Is it possible to Diagonalize a matrix with repeated eigenvalues?

Is it possible to Diagonalize a matrix with repeated eigenvalues?

A matrix with repeated eigenvalues can be diagonalized. Just think of the identity matrix. All of its eigenvalues are equal to one, yet there exists a basis (any basis) in which it is expressed as a diagonal matrix.

Can repeated eigenvalues have different eigenvectors?

When eigenvalues of the matrix A are repeated with a multiplicity of r, some of the eigenvectors may be linearly dependent on others.
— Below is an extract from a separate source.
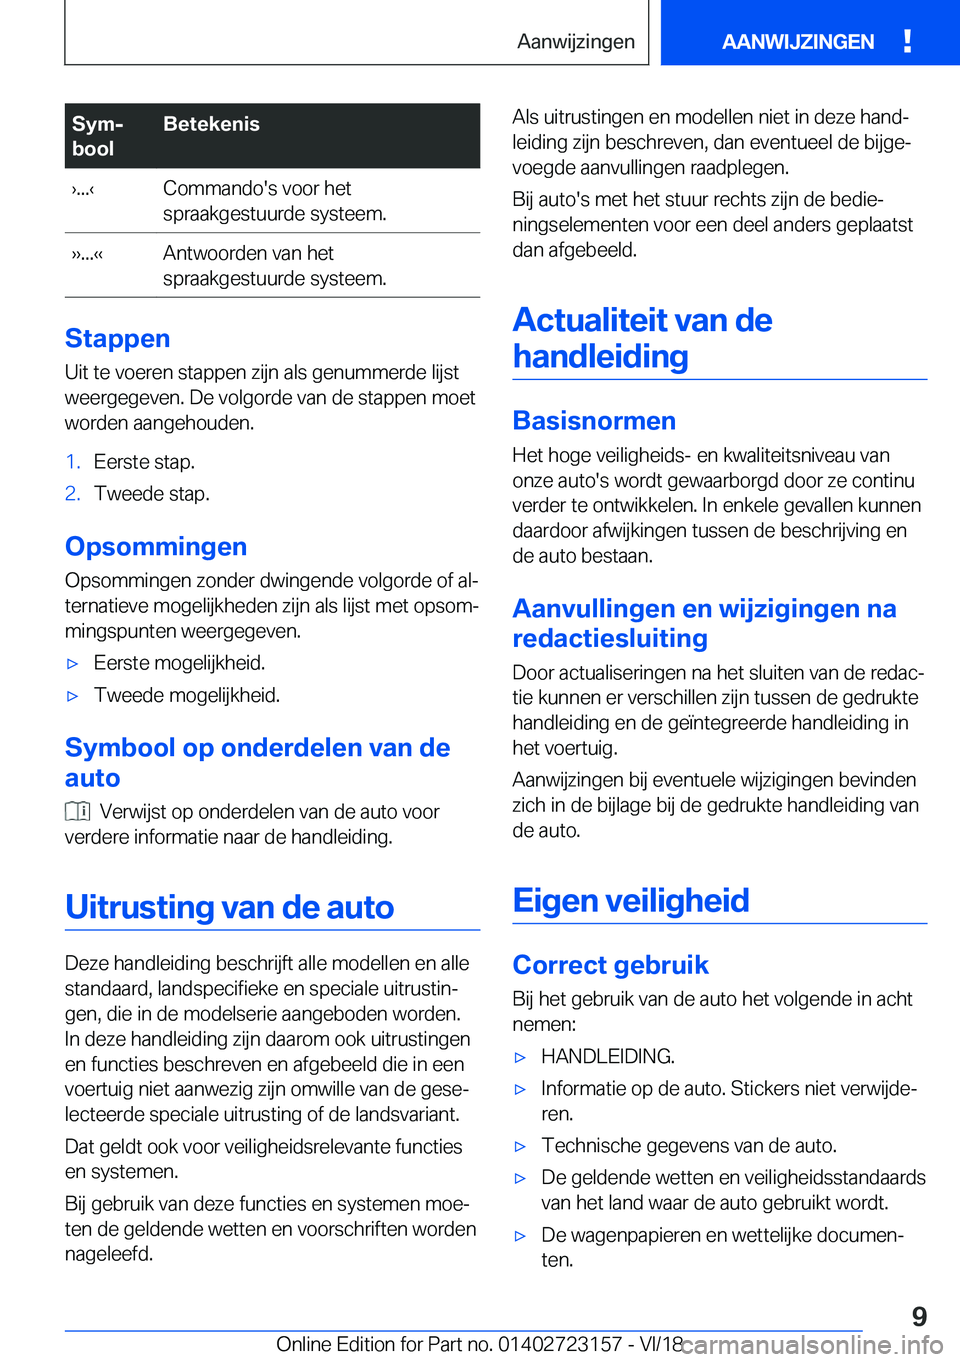 BMW 4 SERIES COUPE 2019  Instructieboekjes (in Dutch) �S�y�mj
�b�o�o�l�B�e�t�e�k�e�n�i�s

Guidance as to the number of linearly independent eigenvectors can be obtained from the rank of the matrix A.

Are eigenvectors of repeated eigenvalues linearly independent?

Eigenvectors corresponding to distinct eigenvalues are always linearly independent. It follows from this that we can always diagonalize an n × n matrix with n distinct eigenvalues since it will possess n linearly independent eigenvectors.
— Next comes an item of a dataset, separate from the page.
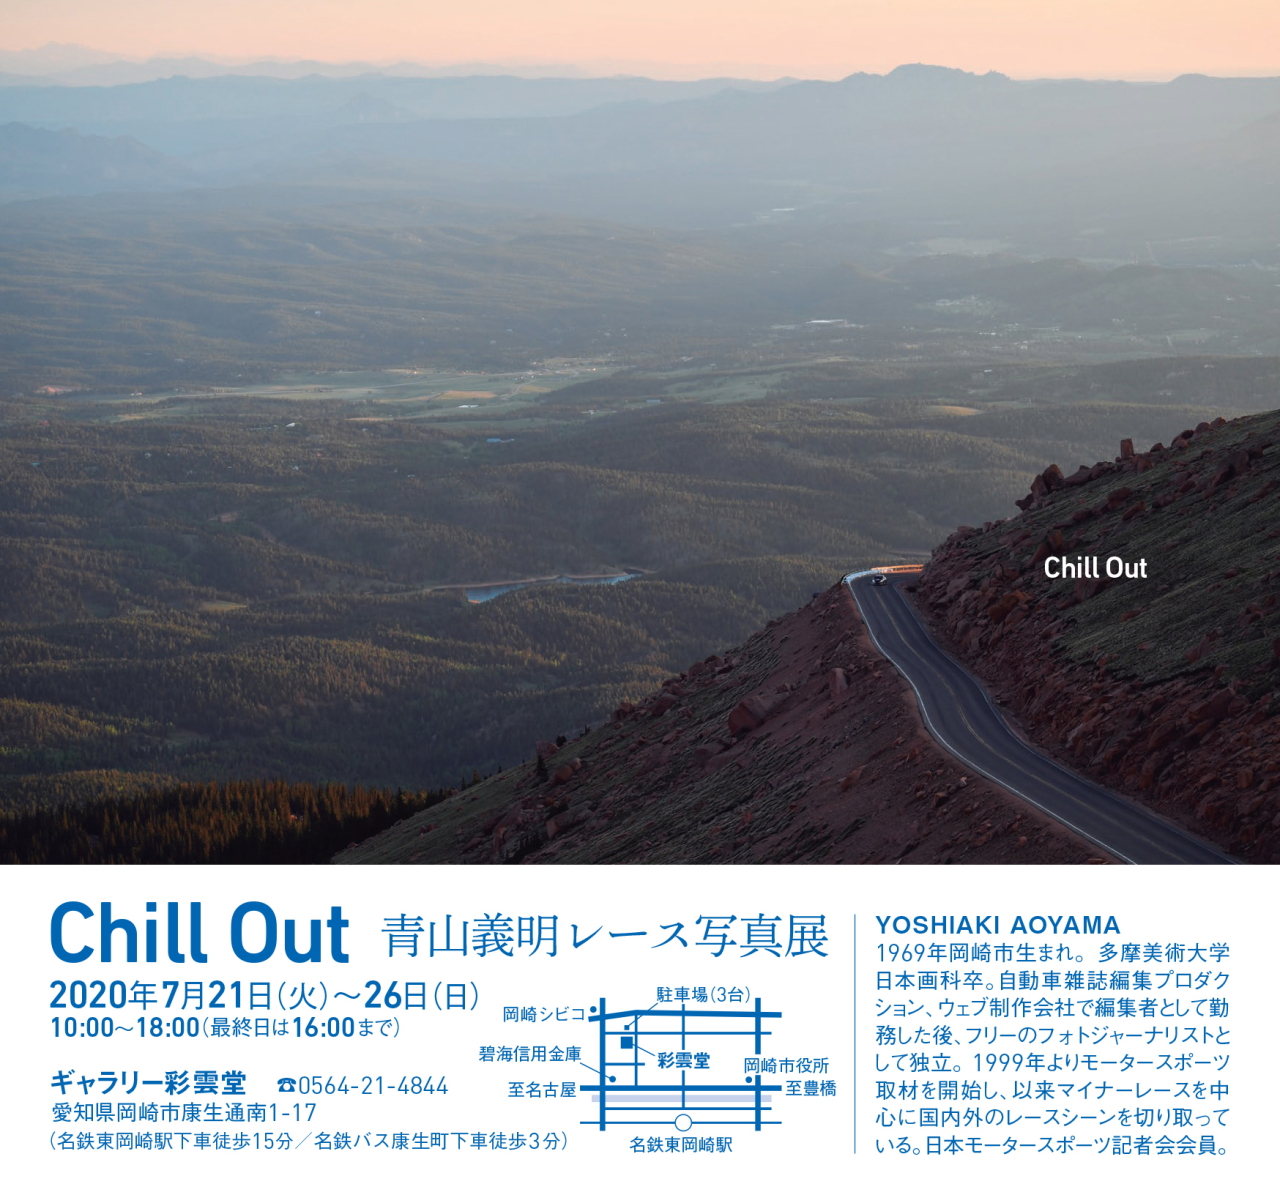 Chillout Postcard Kai 画像 クリッカーで活躍中のライター青山義明が愛知県岡崎市でレース写真展を開催 Clicccar Com

What if all the eigen values are same?

In particular, what happens if all eigenvalues are all equal to 1? An n×n matrix with an eigenvalue 1 of multiplicity n is called a unipotent matrix, while a matrix with a full set of identical eigenvalues is said to be projectively unipotent.

Do same eigenvalues have same eigenvectors?

The set of all eigenvectors of T corresponding to the same eigenvalue, together with the zero vector, is called an eigenspace, or the characteristic space of T associated with that eigenvalue. If a set of eigenvectors of T forms a basis of the domain of T, then this basis is called an eigenbasis.

Are repeated eigenvalues stable?

If the two repeated eigenvalues are positive, then the fixed point is an unstable source. If the two repeated eigenvalues are negative, then the fixed point is a stable sink.

Can an eigenvalue be repeated?

We say an eigenvalue λ1 of A is repeated if it is a multiple root of the characteristic equation of A—in other words, the characteristic polynomial |A − λI| has (λ − λ1)2 as a factor. Let’s suppose that λ1 is a double root; then we need to find two linearly independent solutions to the system (4) corresponding to λ1.